Data segment:

=== Begin Enclosure ===

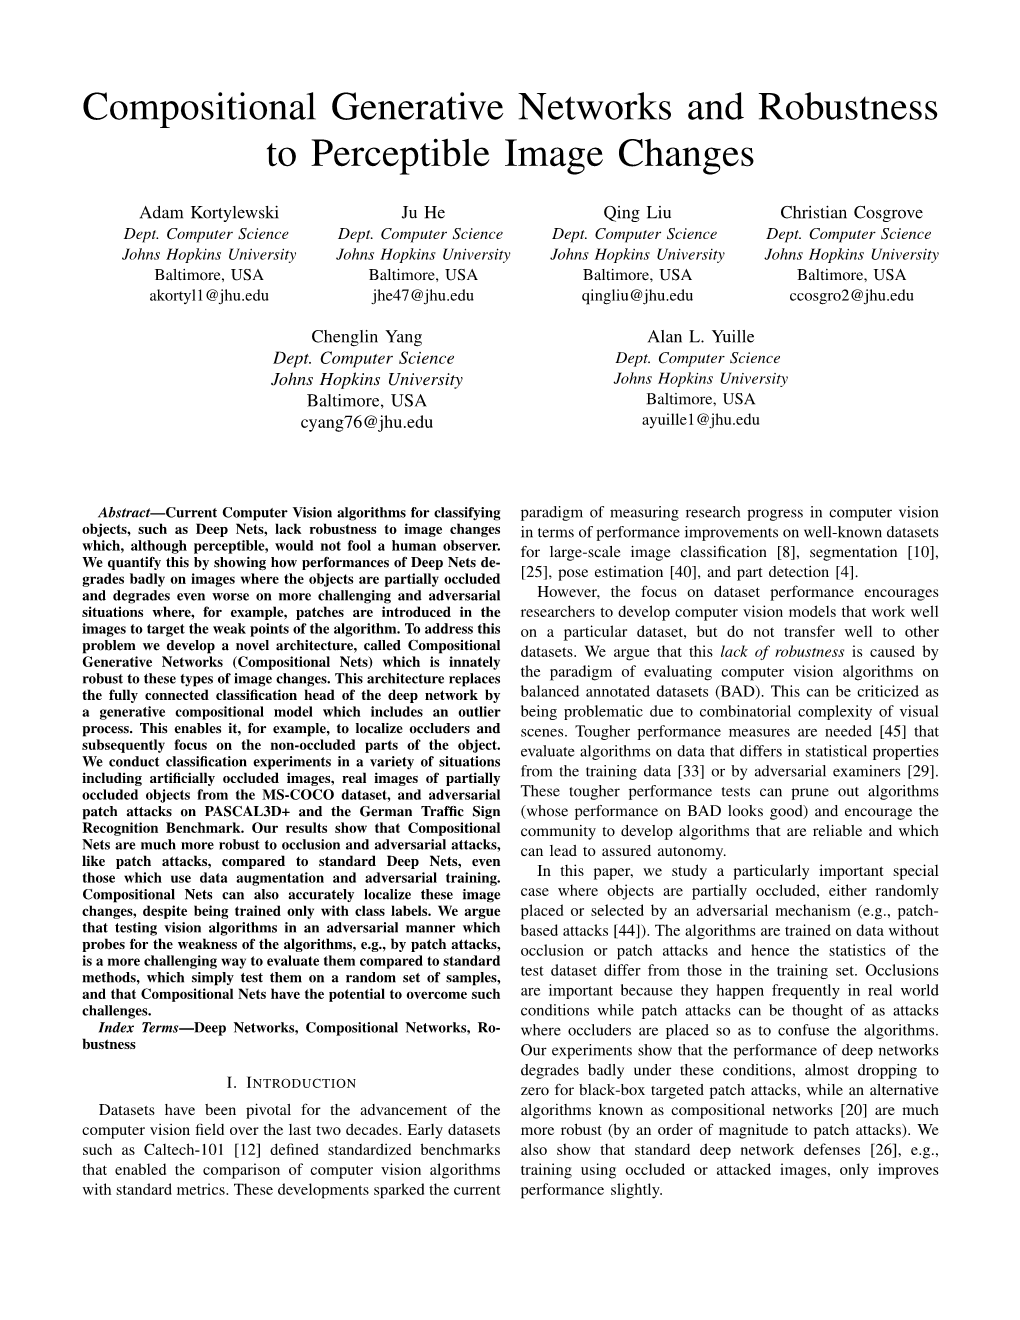 Compositional Generative Networks and Robustness to Perceptible Image Changes
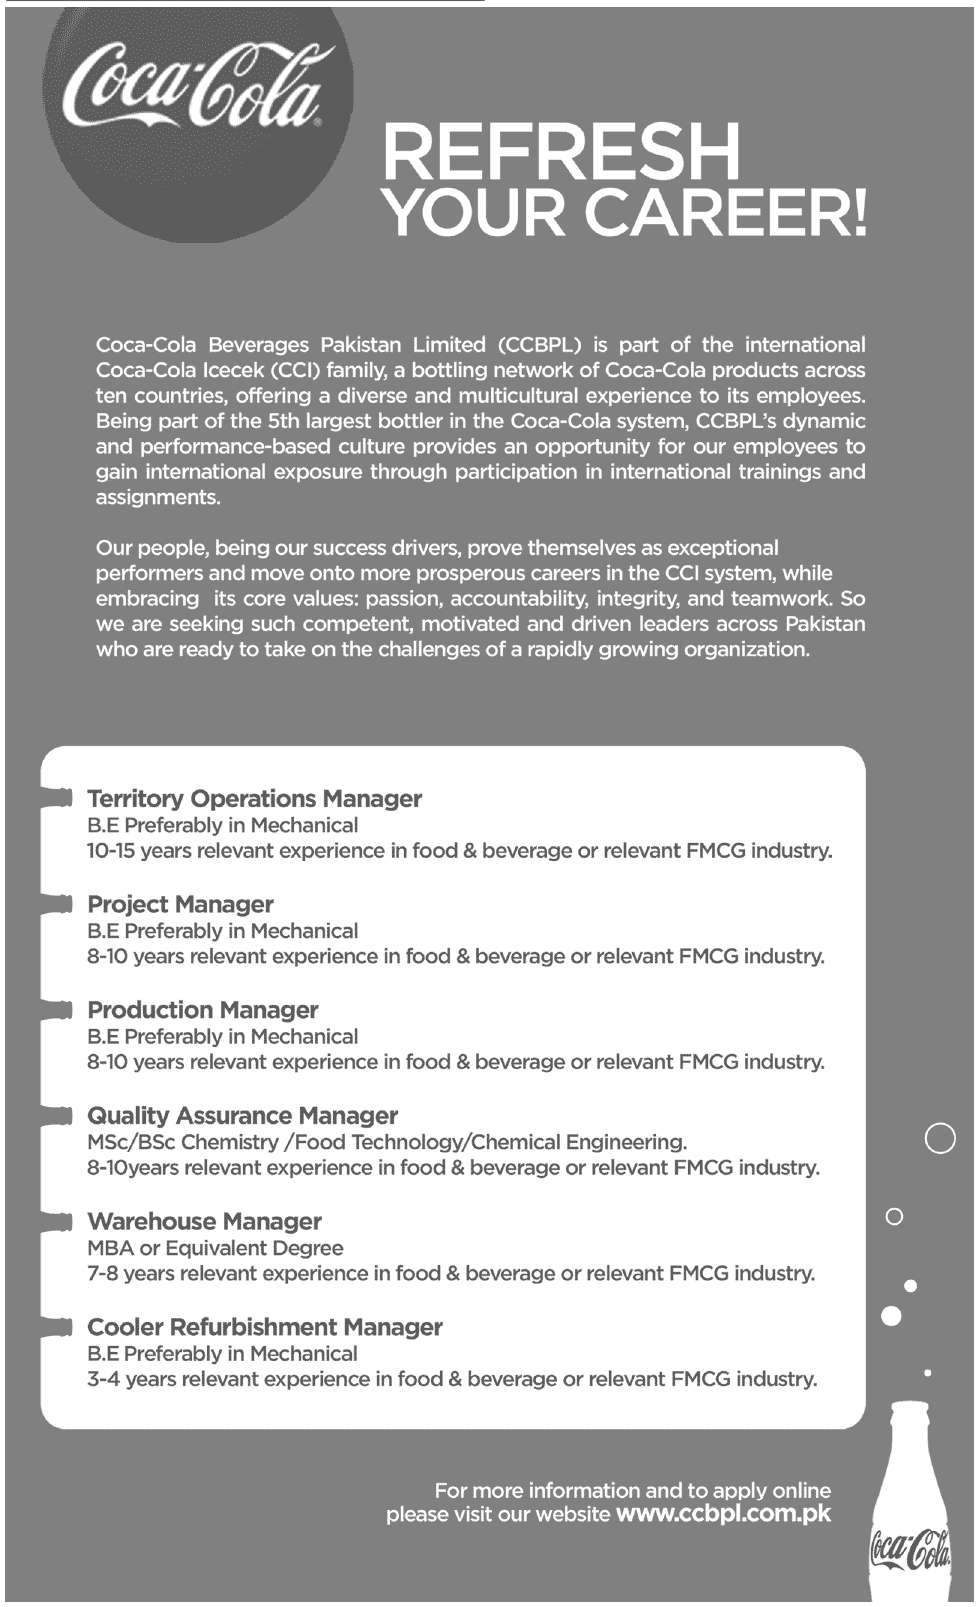 Coca-Cola Beverages Pakistan Limited Jobs 2012 for Managers
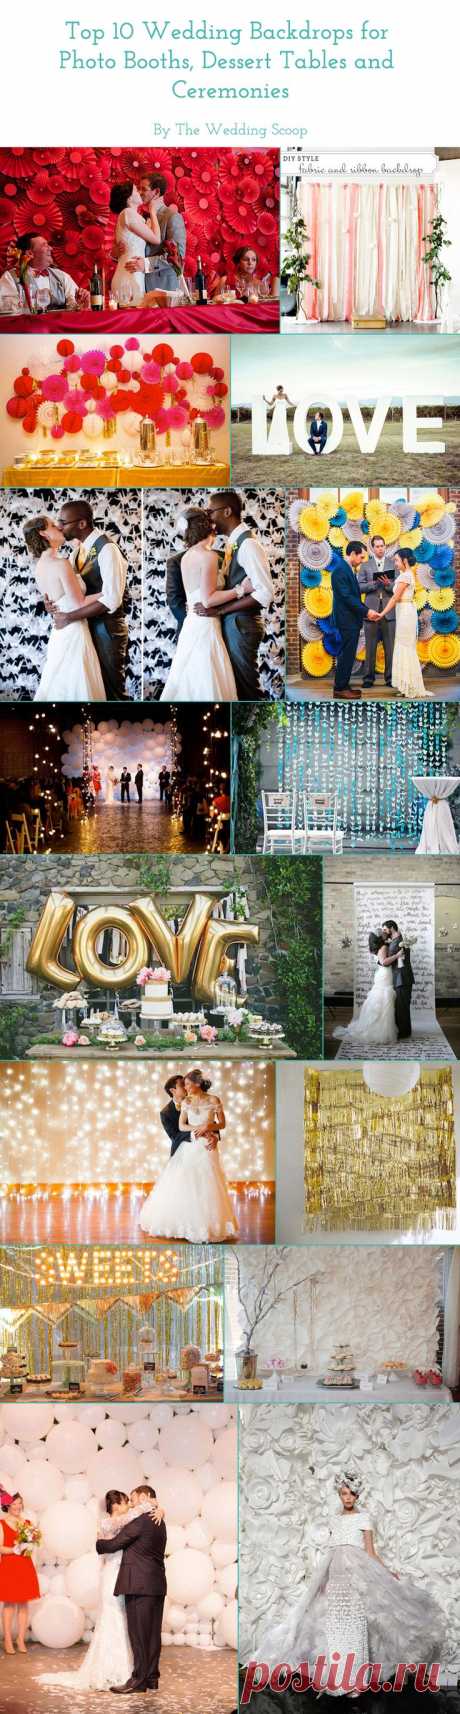 Top 10 Wedding Backdrops for Photo Booths, Dessert Tables and Ceremonies
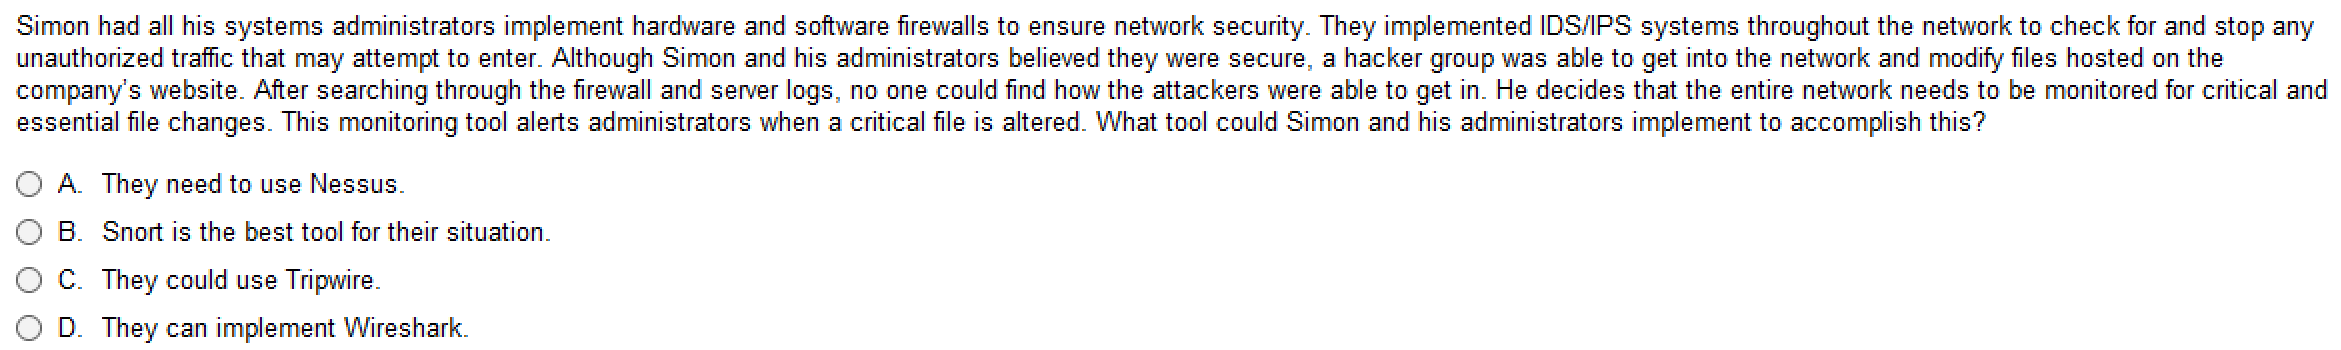 Simon had all his systems administrators implement hardware and software firewalls to ensure network

=== End Enclosure ===

Problem requirements:
Leaving the pictures out, transcribe word for word the lines from the one with "Coca-Cola Beverages Pakistan" to the end of the material above, inclusive, and nothing else.

Answer to the problem:
 Coca-Cola Beverages Pakistan Limited Jobs 2012 for Managers
 Top 10 Wedding Backdrops for Photo Booths, Dessert Tables and Ceremonies
 Simon had all his systems administrators implement hardware and software firewalls to ensure network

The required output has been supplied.